**Recorded information**
((

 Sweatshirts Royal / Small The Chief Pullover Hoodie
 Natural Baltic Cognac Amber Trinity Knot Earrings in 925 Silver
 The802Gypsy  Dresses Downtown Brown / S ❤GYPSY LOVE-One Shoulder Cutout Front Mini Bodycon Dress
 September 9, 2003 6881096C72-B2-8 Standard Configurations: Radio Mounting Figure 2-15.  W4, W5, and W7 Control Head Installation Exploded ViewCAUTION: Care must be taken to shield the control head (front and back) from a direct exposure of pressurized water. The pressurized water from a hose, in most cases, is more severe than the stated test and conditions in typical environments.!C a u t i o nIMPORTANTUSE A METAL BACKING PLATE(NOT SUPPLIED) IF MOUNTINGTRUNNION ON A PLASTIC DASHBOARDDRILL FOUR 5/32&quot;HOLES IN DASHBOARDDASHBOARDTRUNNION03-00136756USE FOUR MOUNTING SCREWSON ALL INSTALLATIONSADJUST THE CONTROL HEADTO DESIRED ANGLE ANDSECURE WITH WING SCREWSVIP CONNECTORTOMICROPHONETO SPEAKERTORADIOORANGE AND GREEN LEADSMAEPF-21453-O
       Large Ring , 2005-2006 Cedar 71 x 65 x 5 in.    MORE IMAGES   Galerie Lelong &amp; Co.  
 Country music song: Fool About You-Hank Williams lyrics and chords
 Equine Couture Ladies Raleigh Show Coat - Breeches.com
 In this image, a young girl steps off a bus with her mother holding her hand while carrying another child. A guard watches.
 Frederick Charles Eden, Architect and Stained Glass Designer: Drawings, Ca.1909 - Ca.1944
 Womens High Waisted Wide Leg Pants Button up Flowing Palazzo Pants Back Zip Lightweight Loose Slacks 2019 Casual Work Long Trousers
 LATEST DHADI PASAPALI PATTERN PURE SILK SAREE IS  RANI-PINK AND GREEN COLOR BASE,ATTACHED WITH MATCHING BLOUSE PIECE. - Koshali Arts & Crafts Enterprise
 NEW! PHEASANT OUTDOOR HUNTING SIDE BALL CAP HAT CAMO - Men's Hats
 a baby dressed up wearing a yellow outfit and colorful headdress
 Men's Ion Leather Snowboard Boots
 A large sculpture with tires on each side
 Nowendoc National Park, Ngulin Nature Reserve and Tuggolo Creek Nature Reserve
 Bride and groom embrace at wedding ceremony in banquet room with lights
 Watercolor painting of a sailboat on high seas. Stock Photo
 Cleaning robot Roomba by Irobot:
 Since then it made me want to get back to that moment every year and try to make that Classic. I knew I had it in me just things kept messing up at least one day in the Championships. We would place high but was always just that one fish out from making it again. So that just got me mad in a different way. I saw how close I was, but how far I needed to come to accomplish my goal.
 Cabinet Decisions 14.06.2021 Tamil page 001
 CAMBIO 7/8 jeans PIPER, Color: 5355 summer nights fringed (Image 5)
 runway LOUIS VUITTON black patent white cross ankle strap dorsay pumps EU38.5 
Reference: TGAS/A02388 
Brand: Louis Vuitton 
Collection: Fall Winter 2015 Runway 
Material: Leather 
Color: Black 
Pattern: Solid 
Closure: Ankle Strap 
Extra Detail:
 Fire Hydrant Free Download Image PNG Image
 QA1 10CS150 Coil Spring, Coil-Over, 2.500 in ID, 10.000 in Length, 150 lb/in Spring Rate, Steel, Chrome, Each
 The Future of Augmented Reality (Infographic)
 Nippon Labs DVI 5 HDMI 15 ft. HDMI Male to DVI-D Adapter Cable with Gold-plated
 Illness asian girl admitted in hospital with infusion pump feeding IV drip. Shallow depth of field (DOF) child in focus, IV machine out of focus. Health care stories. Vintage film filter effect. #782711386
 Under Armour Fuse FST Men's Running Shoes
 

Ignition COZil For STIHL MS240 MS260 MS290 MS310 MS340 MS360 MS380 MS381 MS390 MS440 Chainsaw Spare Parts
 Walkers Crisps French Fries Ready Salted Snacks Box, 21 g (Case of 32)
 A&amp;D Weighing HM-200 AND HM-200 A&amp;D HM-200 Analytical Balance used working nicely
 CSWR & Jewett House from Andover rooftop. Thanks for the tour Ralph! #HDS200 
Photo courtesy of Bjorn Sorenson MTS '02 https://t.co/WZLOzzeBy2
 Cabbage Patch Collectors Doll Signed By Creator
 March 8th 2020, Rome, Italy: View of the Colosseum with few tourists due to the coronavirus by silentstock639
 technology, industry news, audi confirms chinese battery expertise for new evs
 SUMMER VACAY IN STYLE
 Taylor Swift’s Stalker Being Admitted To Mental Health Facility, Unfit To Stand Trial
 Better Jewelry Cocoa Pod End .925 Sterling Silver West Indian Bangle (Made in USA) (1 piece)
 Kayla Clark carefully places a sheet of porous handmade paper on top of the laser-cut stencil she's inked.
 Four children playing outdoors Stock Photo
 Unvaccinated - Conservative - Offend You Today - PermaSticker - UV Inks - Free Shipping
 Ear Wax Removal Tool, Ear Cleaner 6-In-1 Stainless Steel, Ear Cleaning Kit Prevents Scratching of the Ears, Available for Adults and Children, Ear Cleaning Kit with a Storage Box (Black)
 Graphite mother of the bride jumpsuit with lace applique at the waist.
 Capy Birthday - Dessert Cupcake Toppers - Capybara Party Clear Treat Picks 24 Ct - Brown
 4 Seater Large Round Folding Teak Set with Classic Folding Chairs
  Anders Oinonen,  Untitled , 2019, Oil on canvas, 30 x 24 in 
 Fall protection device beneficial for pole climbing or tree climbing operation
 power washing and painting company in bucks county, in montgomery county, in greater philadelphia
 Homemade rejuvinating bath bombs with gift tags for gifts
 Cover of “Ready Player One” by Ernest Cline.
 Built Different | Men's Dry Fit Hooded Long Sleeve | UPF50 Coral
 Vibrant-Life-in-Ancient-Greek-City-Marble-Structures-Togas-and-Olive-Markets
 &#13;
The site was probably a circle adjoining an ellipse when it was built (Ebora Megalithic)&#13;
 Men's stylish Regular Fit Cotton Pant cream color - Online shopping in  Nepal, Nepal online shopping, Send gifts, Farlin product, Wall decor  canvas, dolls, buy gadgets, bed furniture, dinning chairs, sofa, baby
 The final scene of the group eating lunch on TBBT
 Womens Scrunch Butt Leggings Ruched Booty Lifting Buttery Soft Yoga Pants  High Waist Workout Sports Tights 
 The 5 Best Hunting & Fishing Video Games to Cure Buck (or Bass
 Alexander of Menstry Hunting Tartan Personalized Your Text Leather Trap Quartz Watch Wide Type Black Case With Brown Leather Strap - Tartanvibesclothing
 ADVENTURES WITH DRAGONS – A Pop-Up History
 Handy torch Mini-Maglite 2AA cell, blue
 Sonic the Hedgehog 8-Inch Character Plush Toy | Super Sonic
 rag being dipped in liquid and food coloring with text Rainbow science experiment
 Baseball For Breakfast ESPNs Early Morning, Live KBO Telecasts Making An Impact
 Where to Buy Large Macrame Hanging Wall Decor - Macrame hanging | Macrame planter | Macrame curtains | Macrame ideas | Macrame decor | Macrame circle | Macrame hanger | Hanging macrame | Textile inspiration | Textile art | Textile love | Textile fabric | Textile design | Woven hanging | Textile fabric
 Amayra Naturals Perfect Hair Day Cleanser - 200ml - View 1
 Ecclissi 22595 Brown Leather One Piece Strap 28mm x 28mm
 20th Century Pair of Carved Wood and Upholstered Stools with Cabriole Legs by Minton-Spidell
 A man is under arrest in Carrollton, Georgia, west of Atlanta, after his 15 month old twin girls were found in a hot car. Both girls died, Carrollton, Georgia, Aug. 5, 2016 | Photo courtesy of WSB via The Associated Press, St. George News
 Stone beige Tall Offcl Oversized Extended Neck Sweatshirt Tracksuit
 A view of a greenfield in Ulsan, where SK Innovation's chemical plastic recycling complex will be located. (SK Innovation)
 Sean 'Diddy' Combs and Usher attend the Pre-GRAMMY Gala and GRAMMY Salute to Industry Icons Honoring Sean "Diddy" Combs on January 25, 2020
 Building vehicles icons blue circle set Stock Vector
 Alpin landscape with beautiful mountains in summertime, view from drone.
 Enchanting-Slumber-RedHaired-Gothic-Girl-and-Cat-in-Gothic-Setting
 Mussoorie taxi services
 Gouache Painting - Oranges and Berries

))

**Problem description**
Write out, from the lines above, only those from the line with "Country music song: Fool" to the line with "Since then it", exactly as given, including the first and the last.

**Response area**
 Country music song: Fool About You-Hank Williams lyrics and chords
 Equine Couture Ladies Raleigh Show Coat - Breeches.com
 In this image, a young girl steps off a bus with her mother holding her hand while carrying another child. A guard watches.
 Frederick Charles Eden, Architect and Stained Glass Designer: Drawings, Ca.1909 - Ca.1944
 Womens High Waisted Wide Leg Pants Button up Flowing Palazzo Pants Back Zip Lightweight Loose Slacks 2019 Casual Work Long Trousers
 LATEST DHADI PASAPALI PATTERN PURE SILK SAREE IS  RANI-PINK AND GREEN COLOR BASE,ATTACHED WITH MATCHING BLOUSE PIECE. - Koshali Arts & Crafts Enterprise
 NEW! PHEASANT OUTDOOR HUNTING SIDE BALL CAP HAT CAMO - Men's Hats
 a baby dressed up wearing a yellow outfit and colorful headdress
 Men's Ion Leather Snowboard Boots
 A large sculpture with tires on each side
 Nowendoc National Park, Ngulin Nature Reserve and Tuggolo Creek Nature Reserve
 Bride and groom embrace at wedding ceremony in banquet room with lights
 Watercolor painting of a sailboat on high seas. Stock Photo
 Cleaning robot Roomba by Irobot:
 Since then it made me want to get back to that moment every year and try to make that Classic. I knew I had it in me just things kept messing up at least one day in the Championships. We would place high but was always just that one fish out from making it again. So that just got me mad in a different way. I saw how close I was, but how far I needed to come to accomplish my goal.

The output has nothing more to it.